Prompt: Please write out the whole listing that follows exactly; the pictures stay out.

Dataset content:
***

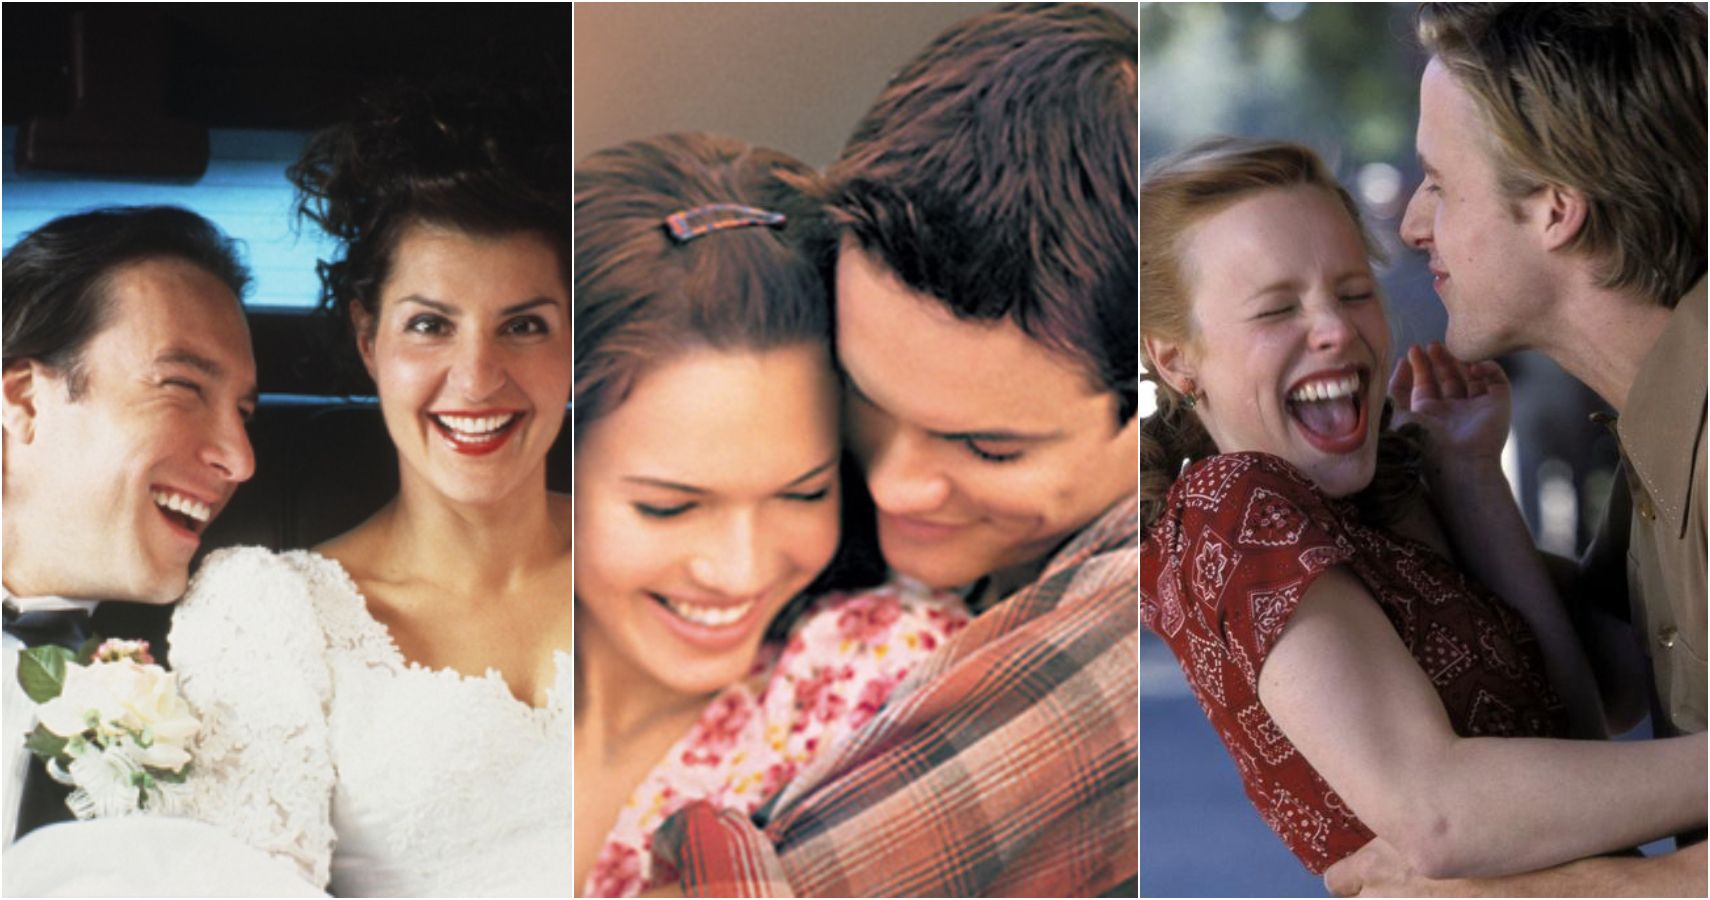 Dez casais de filmes românticos dos anos 2000 que amávamos
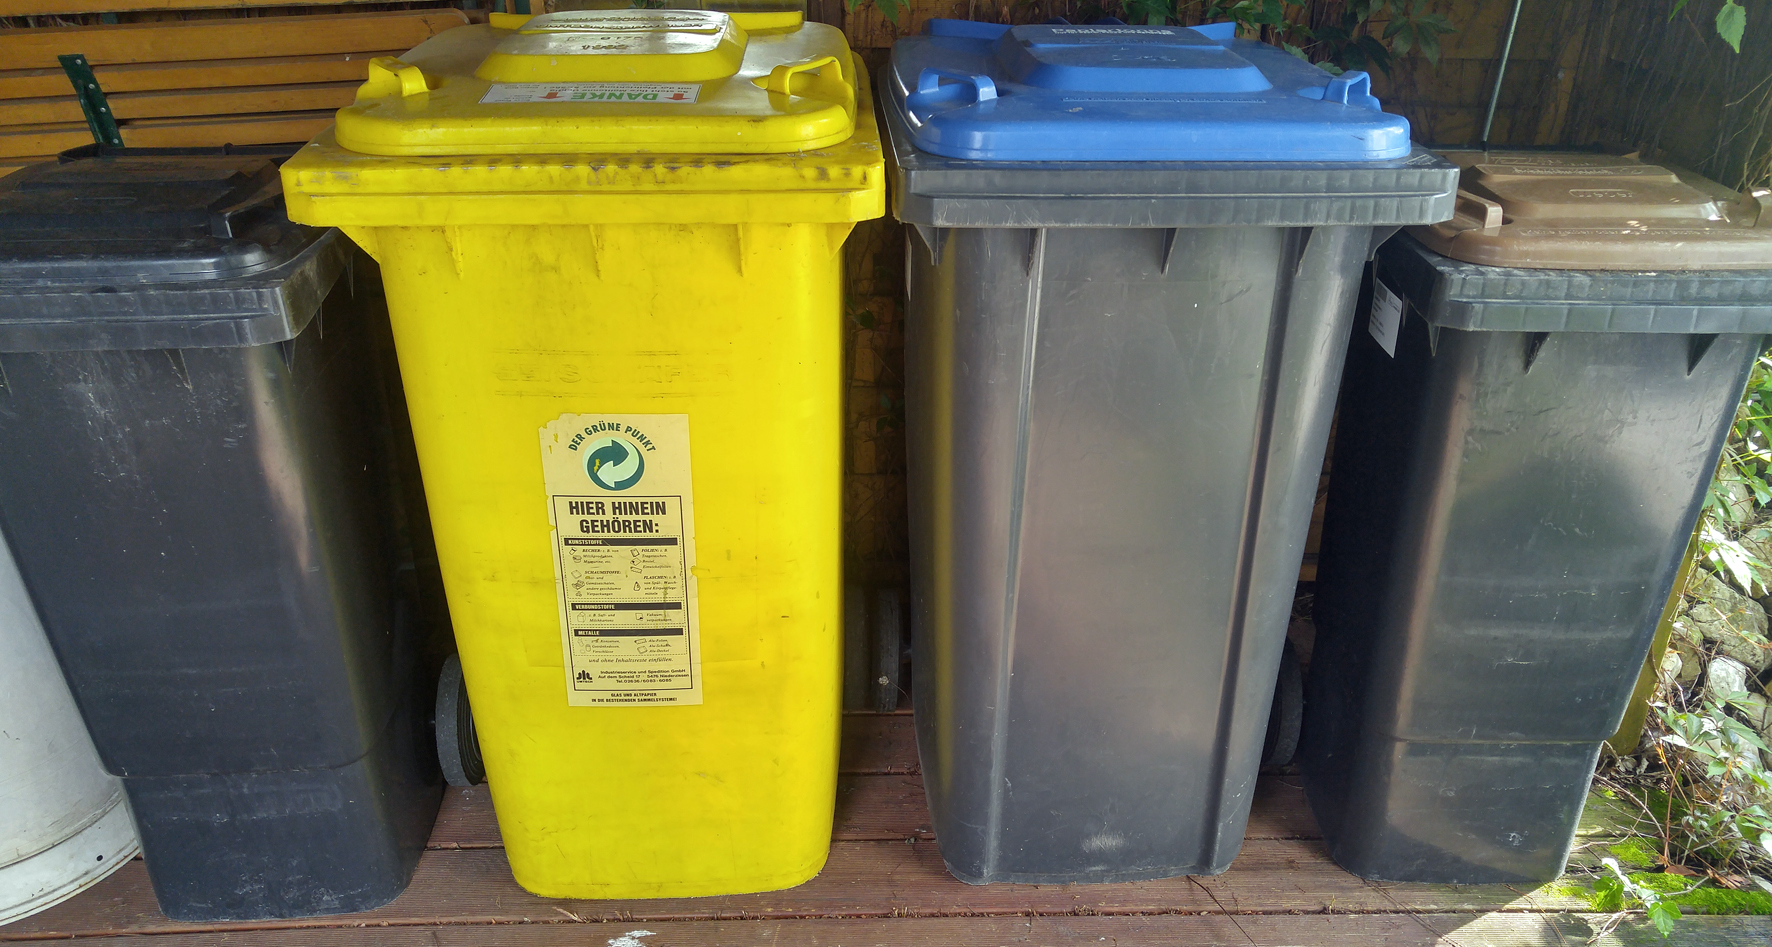 1 Jahr neues Müllkonzept im Kreis Ahrweiler – Restmüllmenge hat sich deutlich verringert
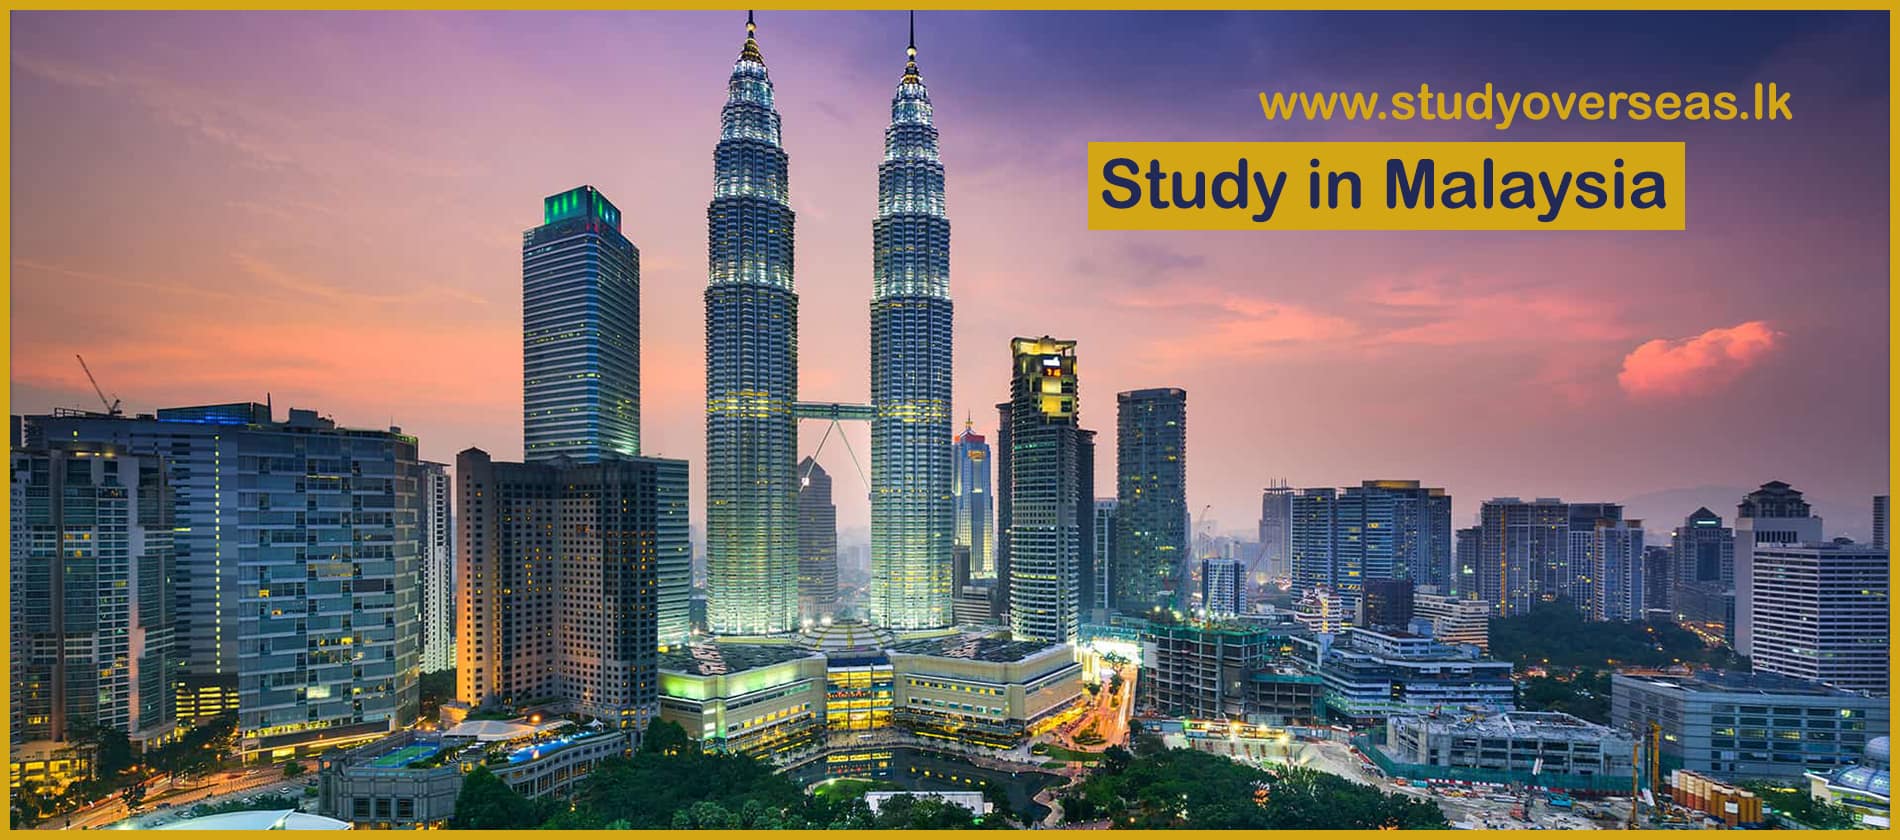 study_in_malaysia_www.studyoverseas.lk
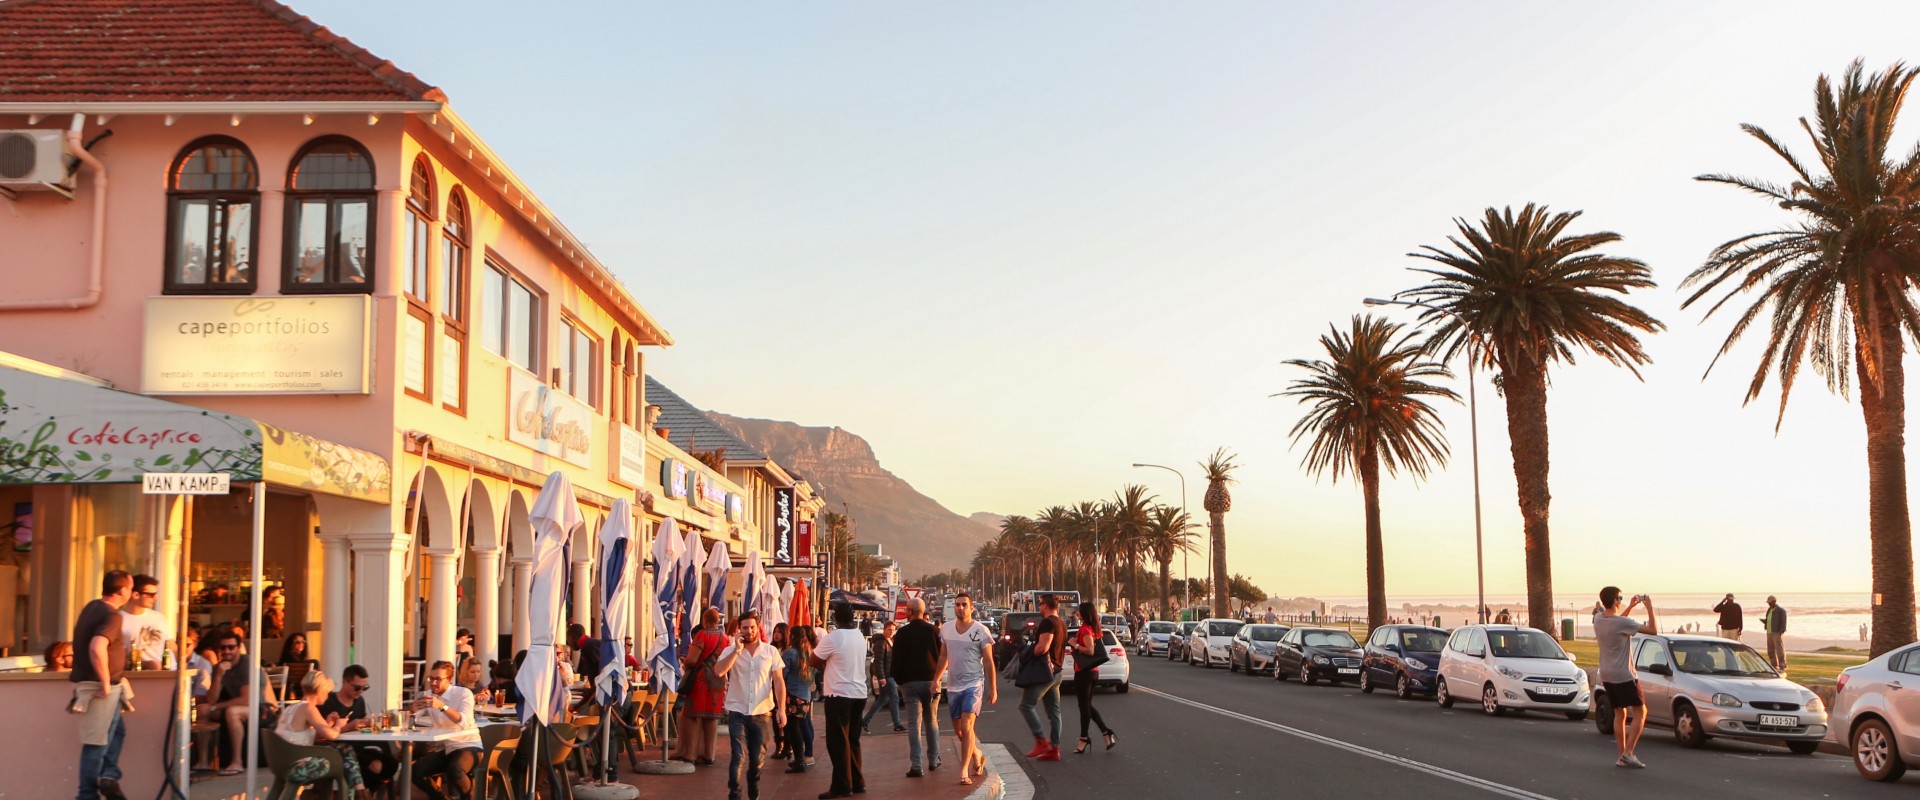 Café Caprice - Top 5 Beach Bars in Cape Town

***

Reply to the exercise:
 Dez casais de filmes românticos dos anos 2000 que amávamos
 1 Jahr neues Müllkonzept im Kreis Ahrweiler – Restmüllmenge hat sich deutlich verringert
 study_in_malaysia_www.studyoverseas.lk
 Café Caprice - Top 5 Beach Bars in Cape Town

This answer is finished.